Comencé mi participación en el movimiento por la paz cuando era estudiante de secundaria a principios de la década de 1980. Todos sabían que estábamos a la sombra del poderoso movimiento que había ayudado a poner fin a la guerra de Vietnam. Mi primera protesta fue una de las colosales marchas por la paz del Domingo de Ramos. Estábamos protestando contra las bases militares estadounidenses, la escalada de la nueva guerra fría y el papel de Australia en la carrera armamentista nuclear, en particular por la extracción de uranio. Decenas de miles, a veces cientos de miles de manifestantes inundaron las calles cada año.

Mirando hacia atrás, muchos de nosotros, incluido yo mismo, éramos irremediablemente ingenuos. Pero acertamos en al menos una cosa: que la política de protesta puede tener un impacto. Éramos parte de un movimiento en el que, en su momento más fuerte, los trabajadores portuarios prohibieron el atraque de buques de guerra estadounidenses con “capacidad nuclear” en puertos australianos, los trabajadores metalúrgicos prohibieron cualquier trabajo relacionado con la construcción de minas de uranio y los trabajadores ferroviarios organizaron una huelga nacional para respaldar un shunter de Townsville que fue retirado después de negarse a trabajar con una carga de mineral de uranio.

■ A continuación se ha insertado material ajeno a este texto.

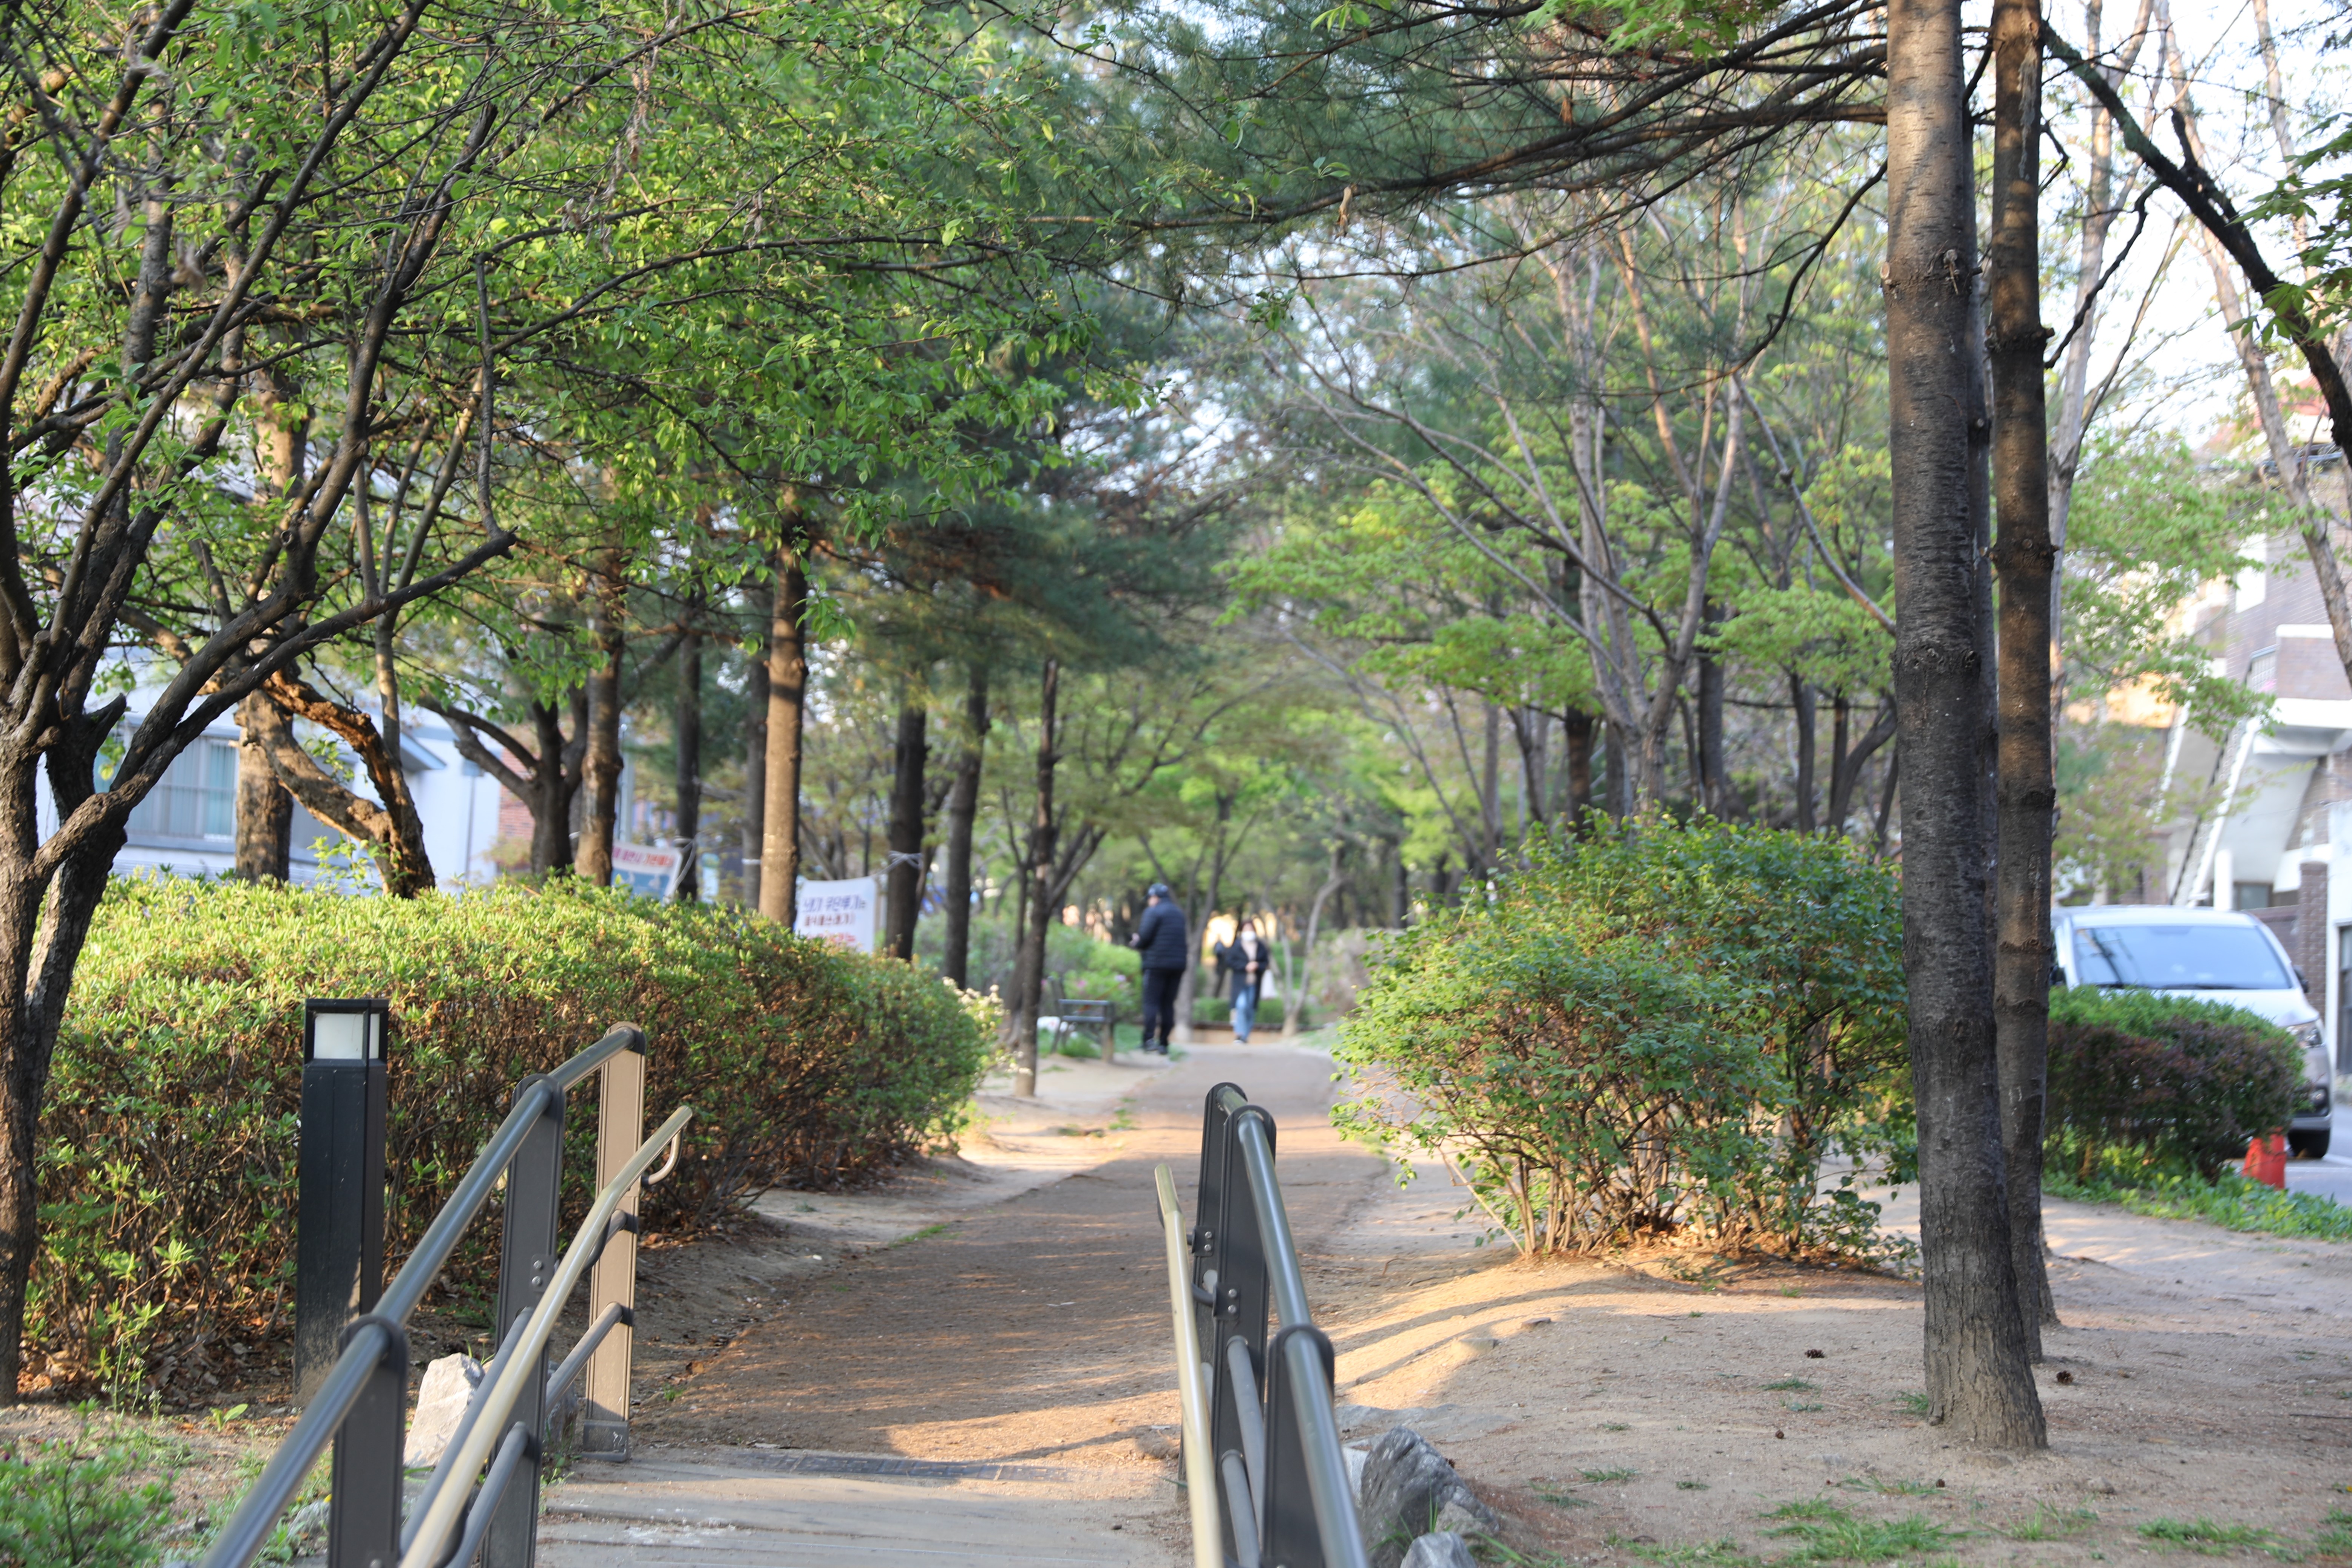 철길퓨전포차 앞 주인공원 주변 모습 (6).JPG

Los laboristas fueron elegidos en 1983 con una plataforma para prohibir la extracción de uranio. Una vez en el gobierno, el partido se vendió, lo que permitió que el enorme proyecto Olympic Dam/Roxby Downs, una de las minas de uranio más grandes del mundo, se desarrollara en la tierra del pueblo Kokatha en el sur de Australia. Los laboristas nunca movieron un músculo para prohibir los barcos nucleares o cerrar bases estadounidenses como Pine Gap, crucial para la vigilancia y la guerra de Estados Unidos. “Yellowcake Bob” se convirtió en un popular desprecio del primer ministro laborista derechista Bob Hawke.

A pesar de la traición de los laboristas, el movimiento de esa época dejó un legado, sobre todo en el tema de la extracción de uranio.

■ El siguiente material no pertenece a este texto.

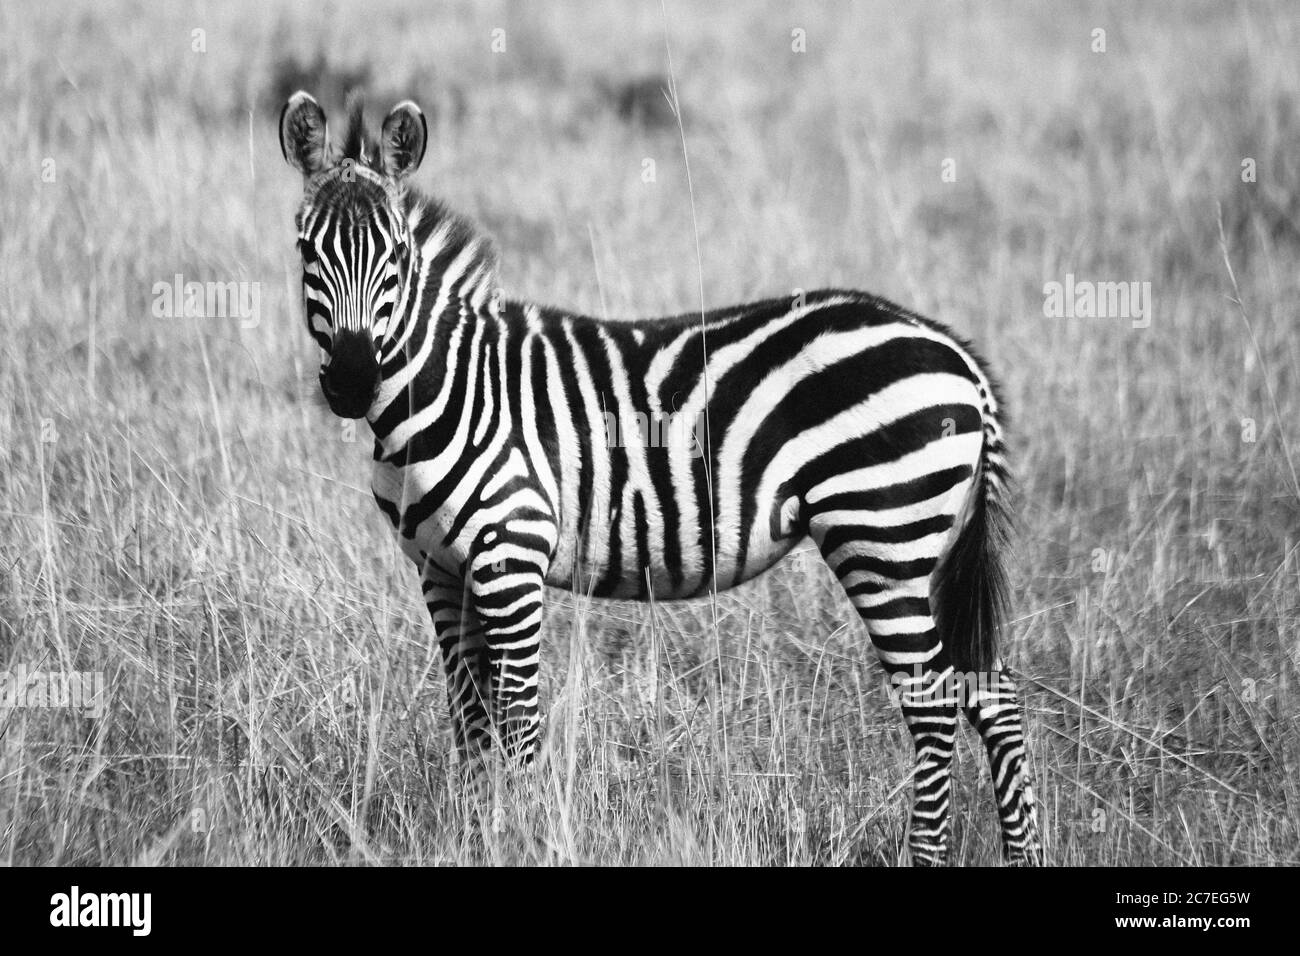 Graustufenaufnahme eines einsamen Zebras in einem grasbewachsenen Feld - toll für einen coolen Hintergrund Stockfoto

Australia tiene casi un tercio de las reservas de uranio conocidas del mundo, pero suministra menos del 10 por ciento del mercado mundial de la materia prima. El desarrollo de la mina de uranio de Jabiluka fue bloqueado en la década de 1990 por una campaña liderada por el pueblo Mirrar en el Territorio del Norte, respaldada por protestas en su país y en las ciudades. En la década de 2010, la oposición decidida de los aborígenes, respaldada por sindicatos y una campaña activista, detuvo el desarrollo de un vertedero de desechos nucleares en la estación de Muckaty en el Territorio del Norte. Continúan las protestas en el sur de Australia, incluso contra un plan para verter desechos nucleares en la península de Eyre.

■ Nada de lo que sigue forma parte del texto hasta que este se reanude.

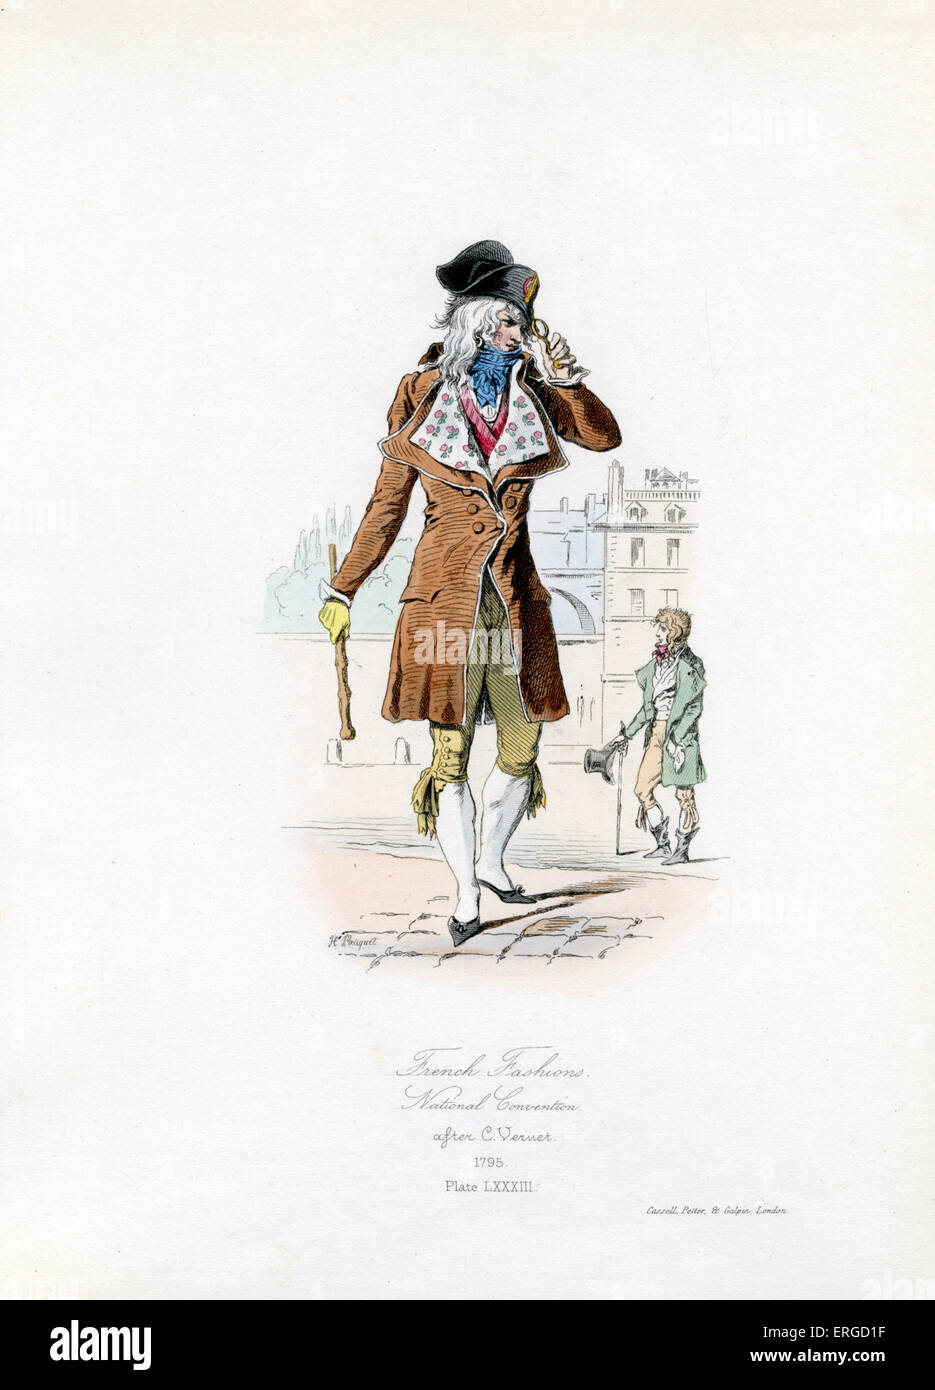 Französische Mode des Nationalkonvents, 1795 - vom Kupferstich von Hippolyte Pauquet, nach C. Vernet. Der National Convention war die Versammlung, die Macht in den ersten Jahren der französischen Revolution statt. Platte LXXXIII. Stockfoto

Las protestas contra la guerra y la carrera armamentista también han revivido periódicamente, incluida la tradición de la desobediencia civil: los manifestantes arriesgan sus cuerpos para interrumpir la maquinaria de guerra. En 1991, un pequeño grupo de activistas recorrió el país para organizar un bloqueo de una semana a la feria de armas AIDEX, celebrada en Canberra a fines de ese año. Más de mil protestaron, cientos fueron arrestados y AIDEX nunca más fue detenida. Tácticas similares en una escala más pequeña interrumpieron el jamboree de la industria de guerra de las Fuerzas Terrestres en Brisbane en los últimos años. Las protestas en la base militar estadounidense en Pine Gap fueron una característica de la década de 1980 y se revivieron en 2016.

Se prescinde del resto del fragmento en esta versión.